It is required that the IC card 30 be of a type that matches the type of the IC card reader 19. If the IC card reader 19 is of a contact type, the IC card 30 must be a contact-enabled one; if the IC card reader 19 is of a contactless type, the IC card 30 must be a contactless-enabled one. If the IC card reader 19 is of a dual interface type, the IC card 30 may be any of a contact-enabled one, a contactless-enabled one, or a dual interface support one that can be read by the IC card reader 19 having both contact and contactless reading functions.
The user signature portion 20 has a function of creating a digital signature to image data by encrypting a message digest with a user secret key and a function of decrypting the encrypted data. Hereinafter, digital signatures created by the user signature portion 20 will be referred to as “user signatures”. To be precise, the user signature portion 20 makes the IC card 30, which stores a user secret key, perform computational processing to create a user signature and decrypt the encrypted data. That is because the user secret key must be protected from leaking out of the IC card 30 for a security perspective.
The user authentication portion 21 reads authentication information such as user identification information recorded on the IC card 30, then judges whether or not it is an authenticated user by comparing it to authentication information input by the user.
The user signature portion 20 and the user authentication portion 21 may be configured as functions of the CPU 11.
When the user gives a job that involves an IC card process, the image processing apparatus 1 starts controlling screens on the display 171 of the operation panel 17, which will be described in detail below. Here, an IC card process is a process that uses a secret key recorded on the IC card 30, and it involves a user signature process and decrypting.
The job that involves an IC card process can be any of the following jobs, for example: a scan job that reads a document by the scanner 14, converts it to a PDF file, and performs a PDF signature process that is a process of digitally signing a PDF file; a transmission job that performs a signature transmission process that is a process of transmitting a signature by secure/multipurpose internet mail extensions (S/MIME) that is a common standard related to encapsulated e-mail encryption technology using a public key and encapsulated e-mail digital signature technology; and a print job that decrypts encrypted print data and performs printing.
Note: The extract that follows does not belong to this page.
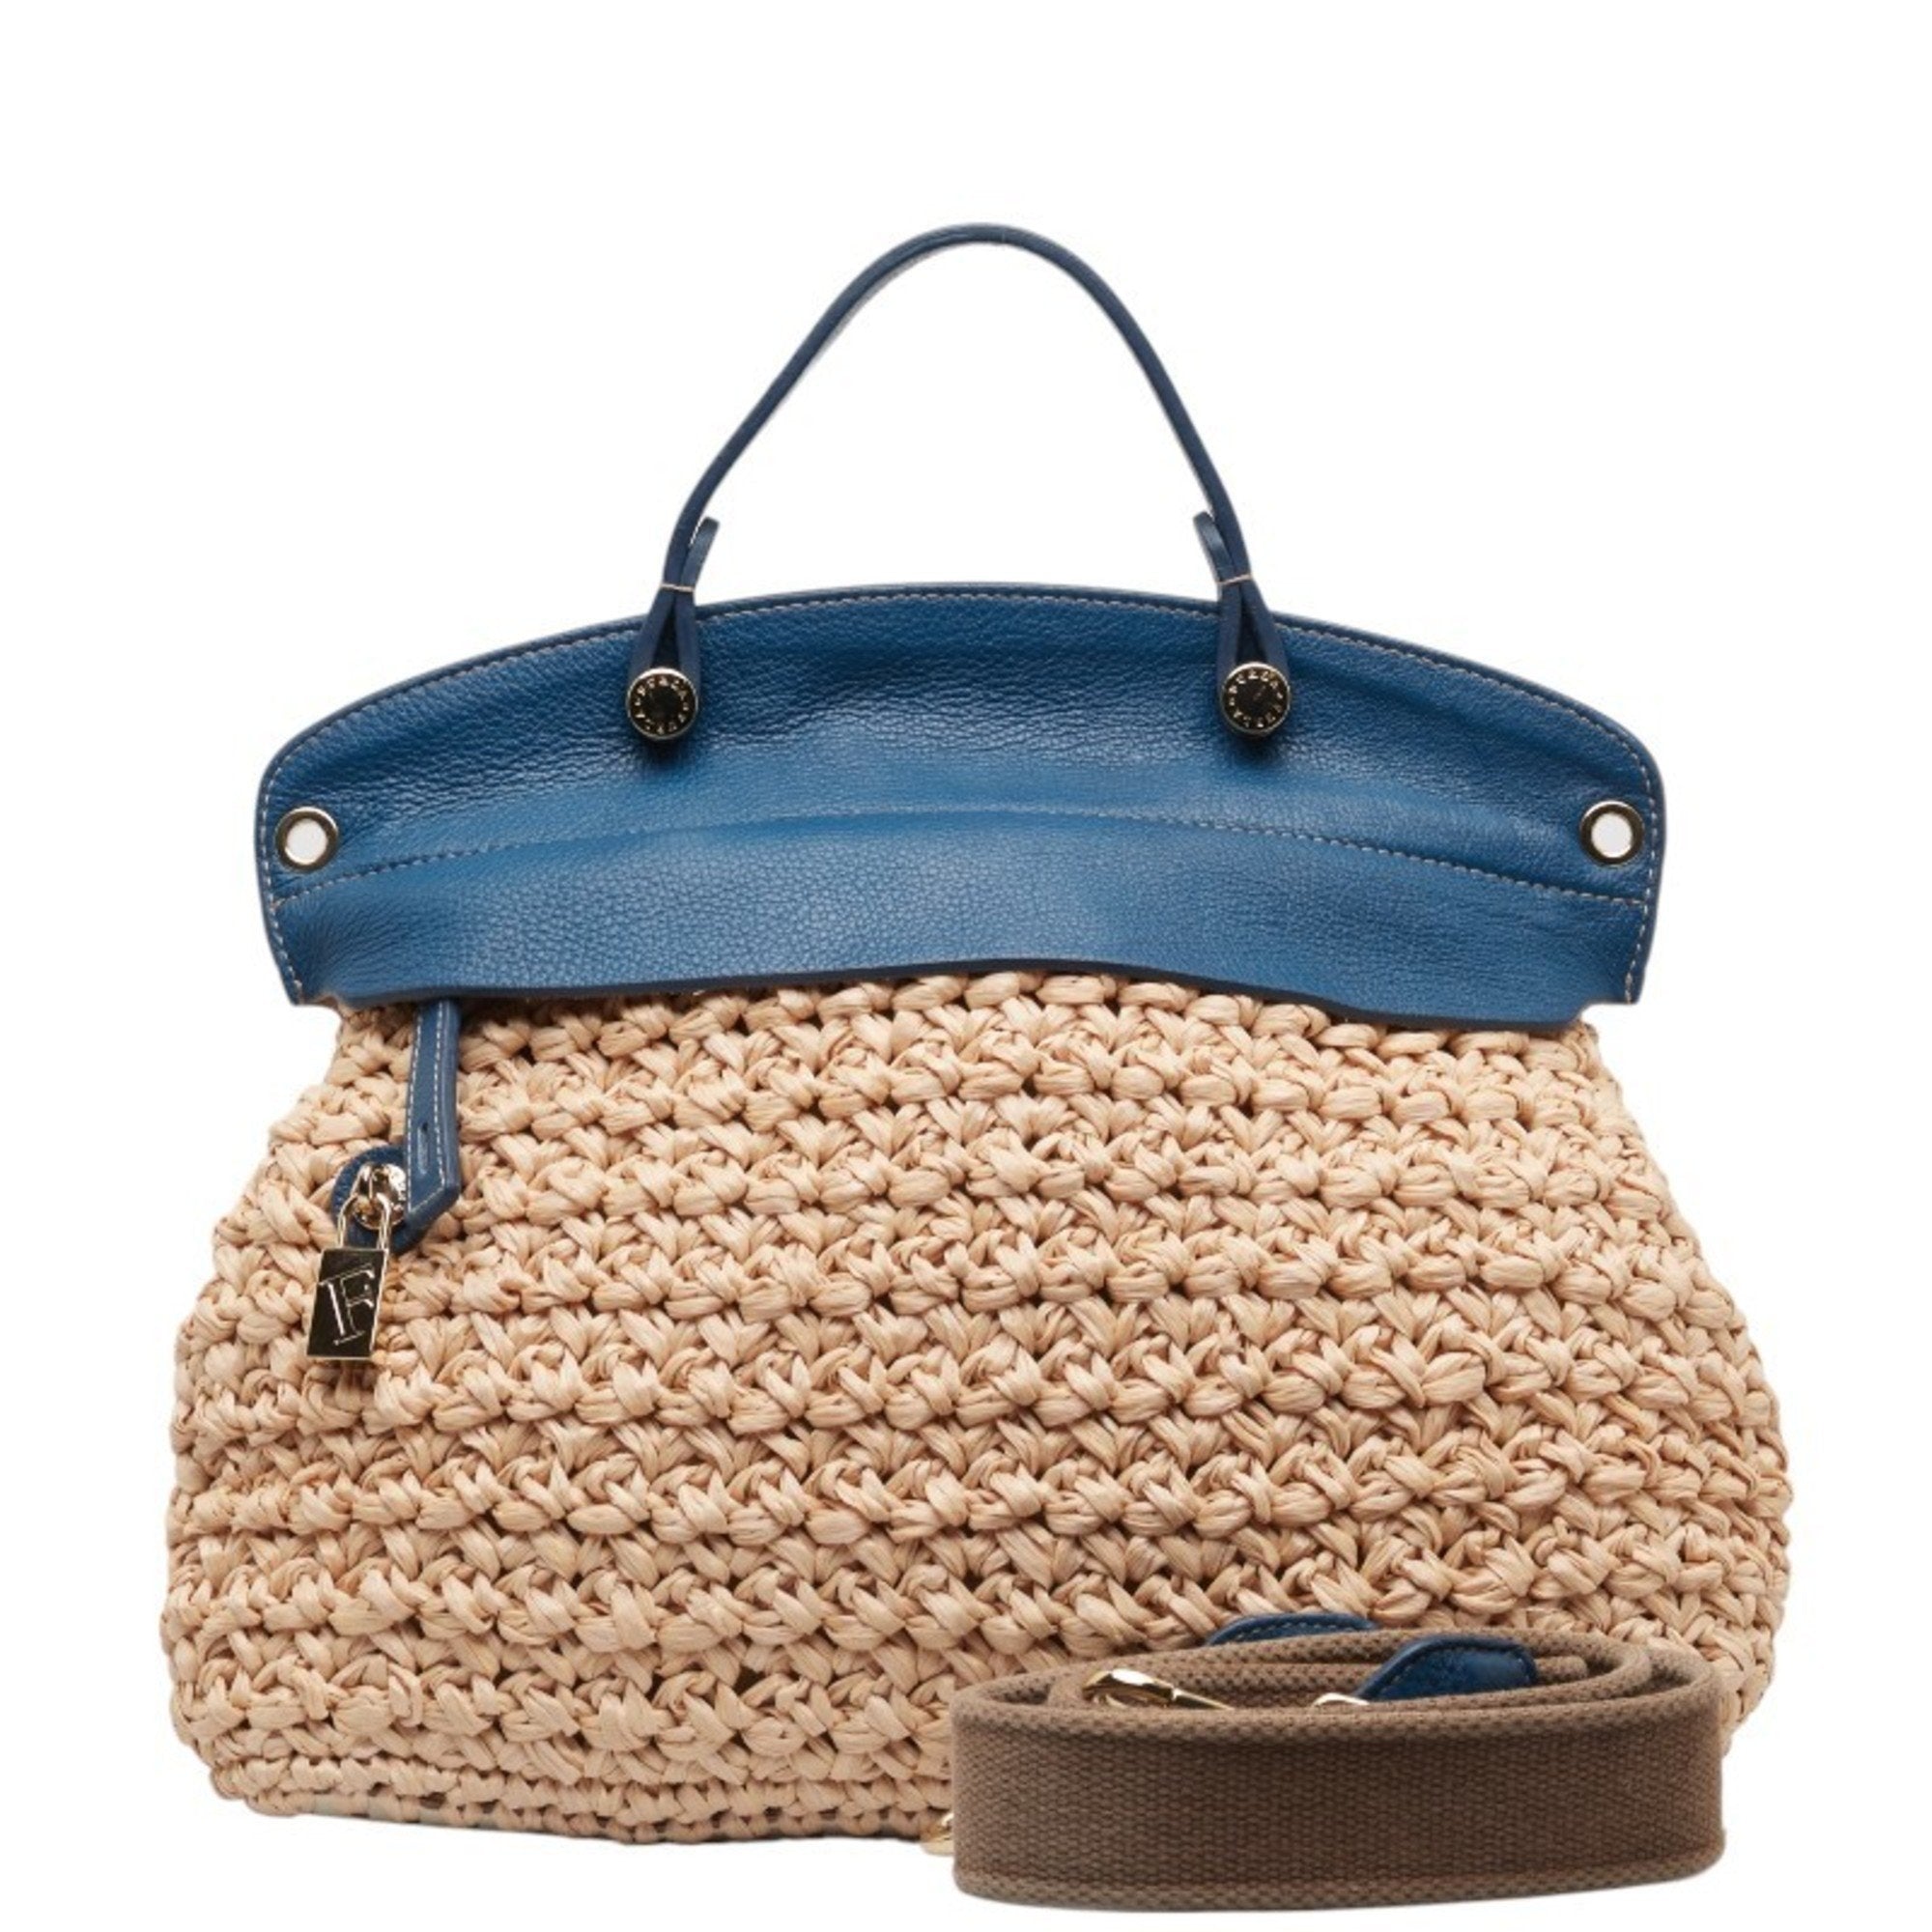 Handbag Shoulder Bag Blue Leather Women's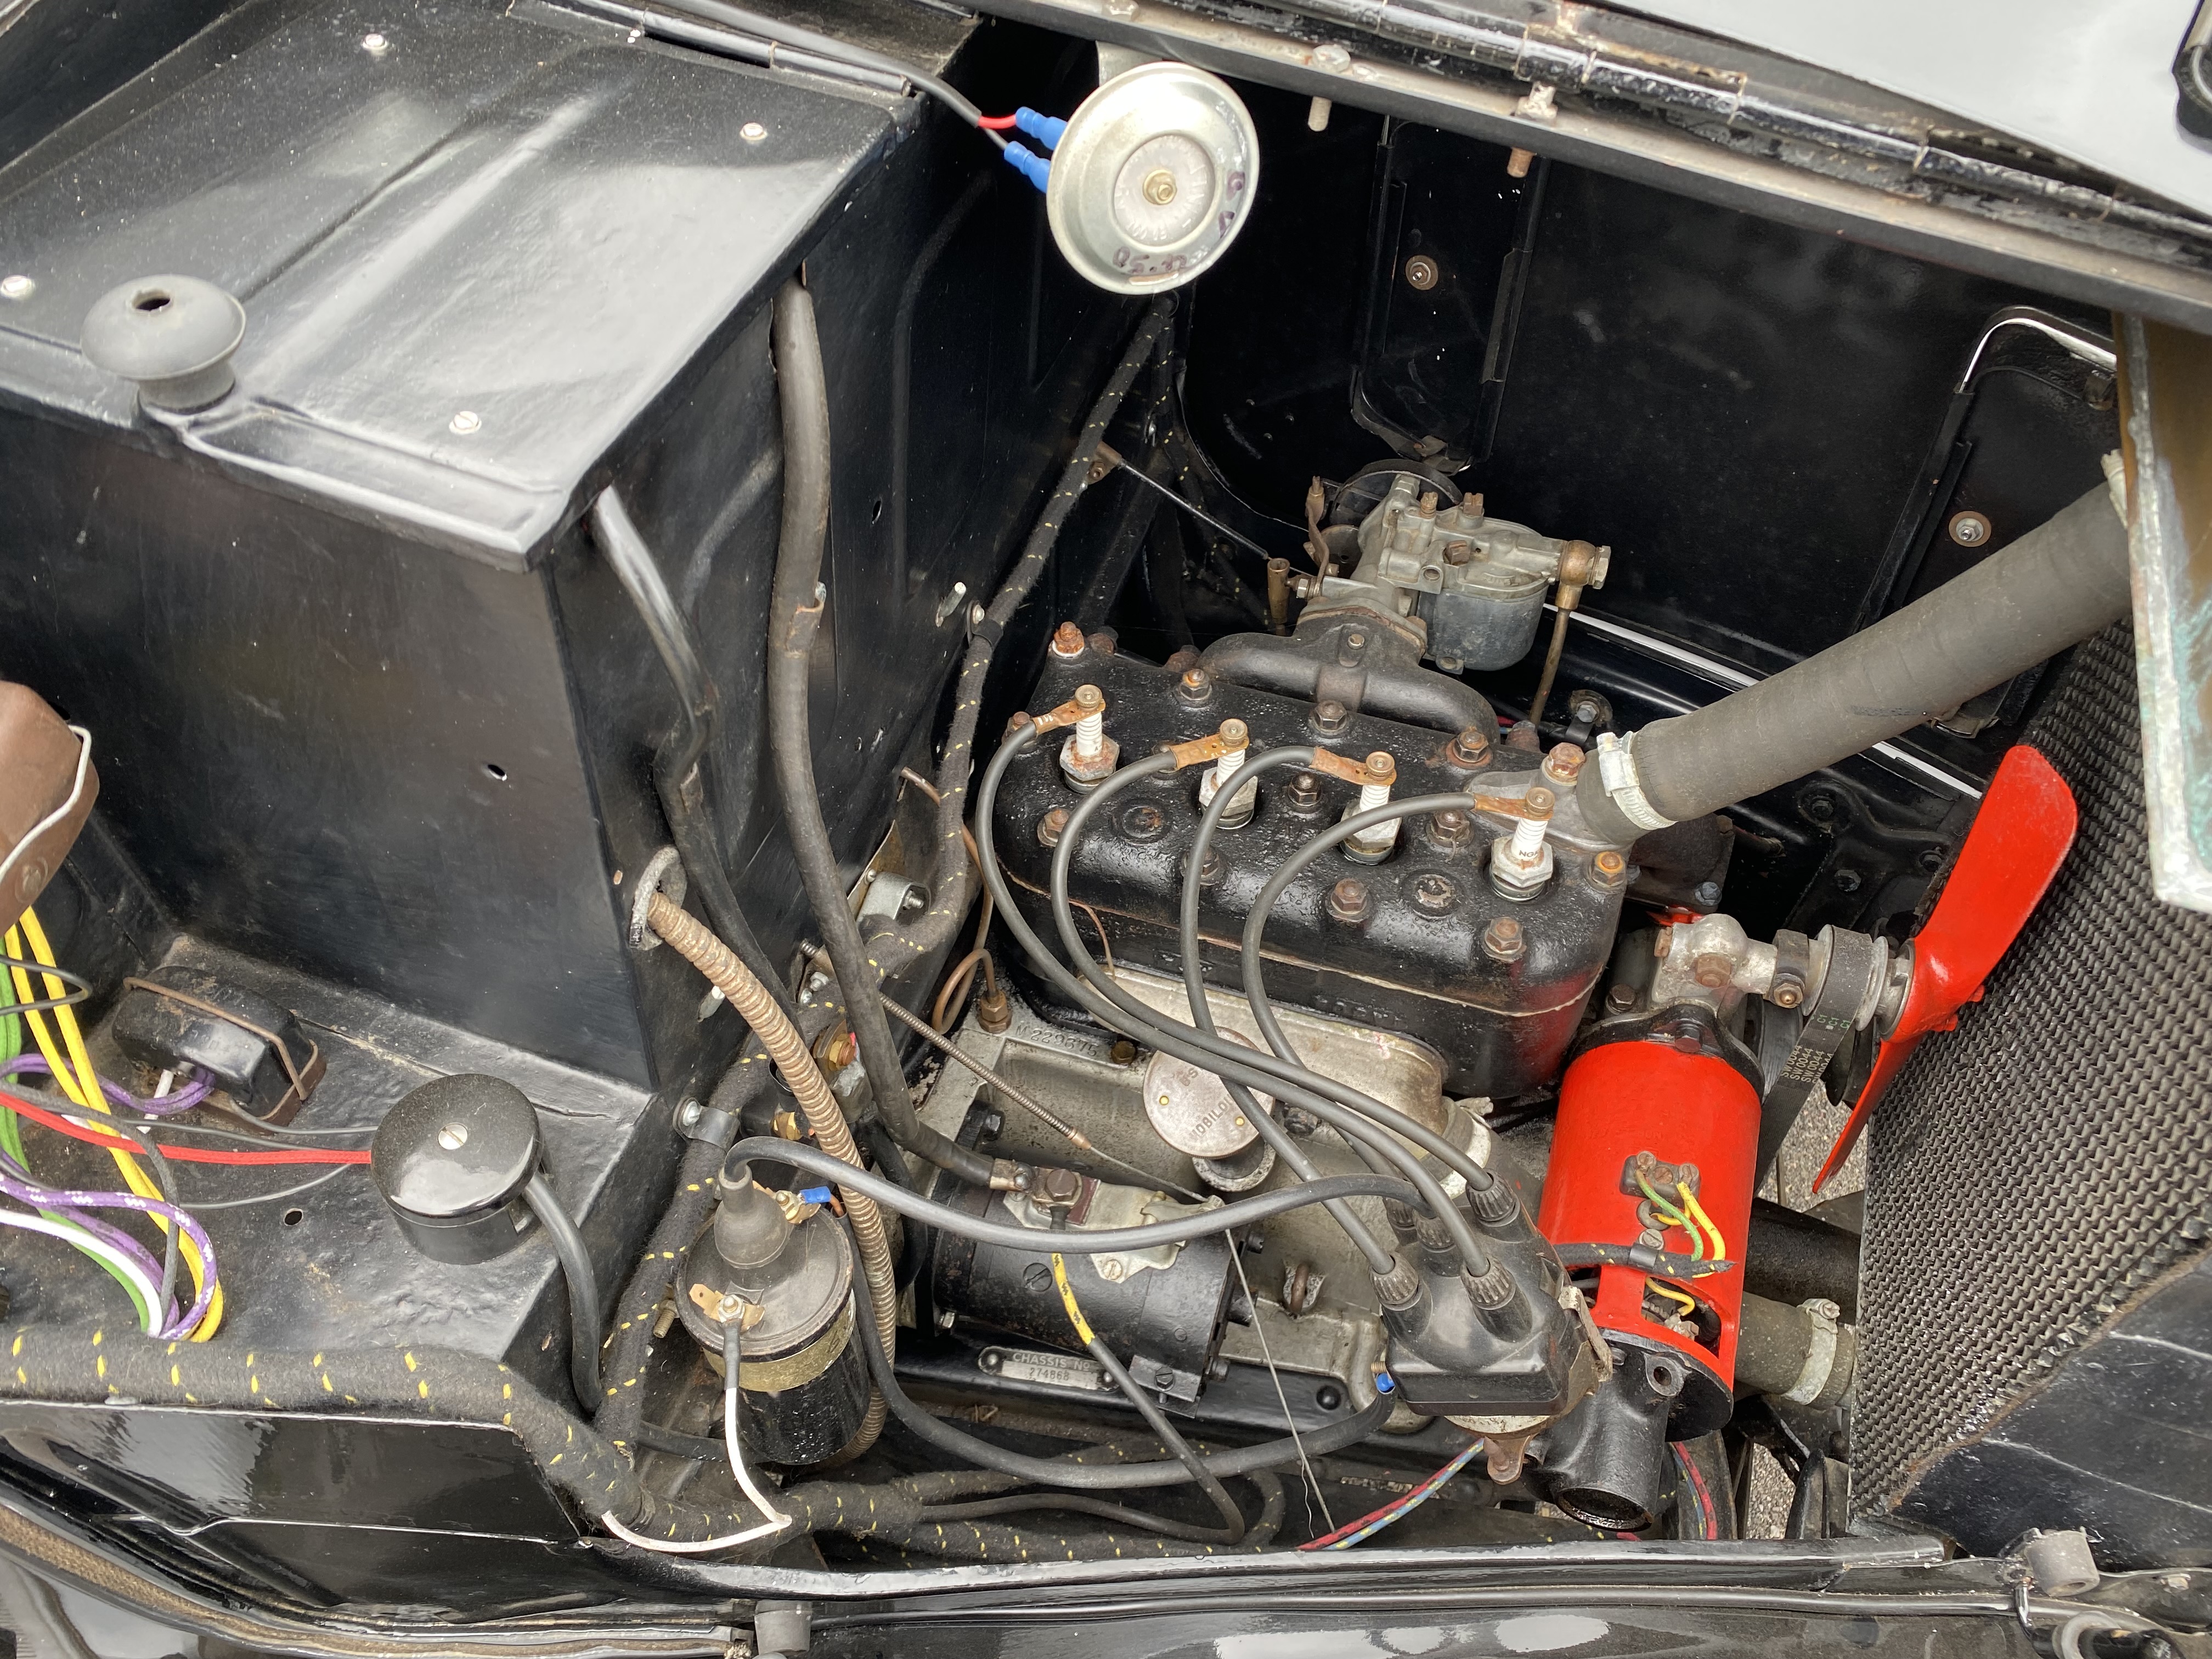 1937 Austin 7 Ruby Reg. no. DRB 716 Chassis no. A/RR274868 Engine no. M229675 - Image 4 of 10

To log on, the user inputs authentication information to the image processing apparatus 1. The user authentication portion 21 performs user authentication by comparing the authentication information input by the user to the authentication information recorded on the IC card 30. Upon successful completion of user authentication, the user is allowed to log on.
After the user gives a job, the CPU 11 of the image processing apparatus 1 estimates the number of IC card processes to be performed to complete the job, using a secret key recorded on the IC card 30.
The CPU 11 estimates the number of IC card processes to be performed simply using a function to be run by the job. However, when the user gives a scan job that reads a document by the scanner 14, splits the scan data by pages, converts each page of data to a PDF file, and performs a PDF signature process on each PDF file, the scanner 14 need to repeatedly perform reading and a PDF signature process in a parallel manner. In this case, the CPU 11 may alternatively estimate the number of pages, which is equal to the number of IC card processes to be performed, with reference to information of the document loaded on the scanner 14 i.e. the number of sheets of the document.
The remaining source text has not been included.